Sony’s uptime delusions crumbling faster than a PSN auth server.Fourteen hours of radio silence while charging for the privilege of digital serfdom? Masterstroke. Remember 2011’s month-long outage? At least we got free games as consolation—now they’ll just send thoughts and prayers via shareholder memos.
”Premium service” my ass. Paywalls for multiplayer, cloud saves held hostage, and a walled garden rotting from neglect. But hey, keep funding Zuck’s yacht repairs while your PS5 gathers dust. The 2011 apology tour is dead—2025’s mantra is ”fuck you, pay more.”
Reboot the servers, Jim. Or just admit the cloud was a screensaver all along.
Yep, just like serverless computing that doesn’t use servers, or how games benefit heavily from the blockchain and companies are always hiring blockchain devs despite not knowing what the blockchain is or why they need blockchain devs other than because they heard they need it.
That’s your body suffering from whiplash as we’re once again back in the era where you never know whether someone is telling the truth or not when they make a wild claim about the president like that.
I was looking at that game. Looks really cool. I’m interested to see a more historically based rpg game without mages and whatnot. I think it’s based on some section of polish history?
It’s the sequel to the first one, and historical accuracy was like, at the center of of that one. Your character starts off the game not knowing how to read, because in medieval Europe, literacy was not widespread and the son of a blacksmith certainly wouldn’t know how to read, so books you pick up in the game are total gibberish until you learn to read.
Spoilers: it’s the weekend and some hard drive is full.
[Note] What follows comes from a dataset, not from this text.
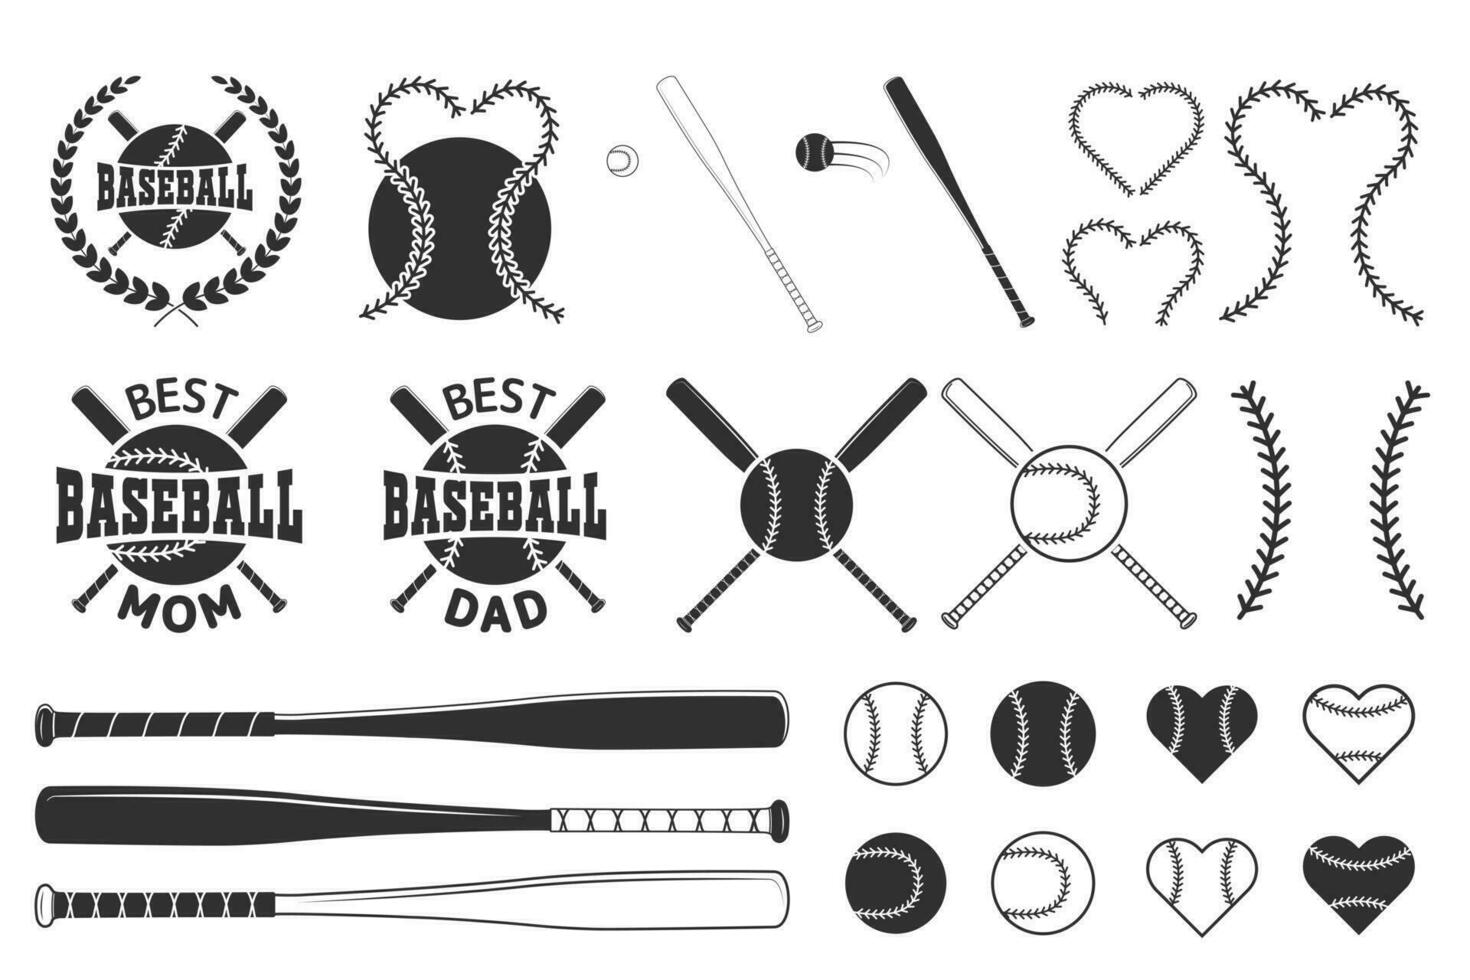 baseball tipografia fascio, baseball vettore fascio, gli sport, baseball, vettore, silhouette, gli sport silhouette, baseball logo fascio, gioco vettore, gioco torneo, baseball torneo, campioni lega

Japanese uptake of the cloud was lagging, and I fully anticipate that PSN isn’t utilising any big cloud providers scalabaility and we’re now waiting on Jim, who is on a long weekend (and well earnt!) to reboot/add more storage/logrotate
They probably know how to solve it technically, but they need management approval to do it and there are two managers currently in an internal feud over who has the highest authority and neither wants to admit to being the lowly one for such a trivial request.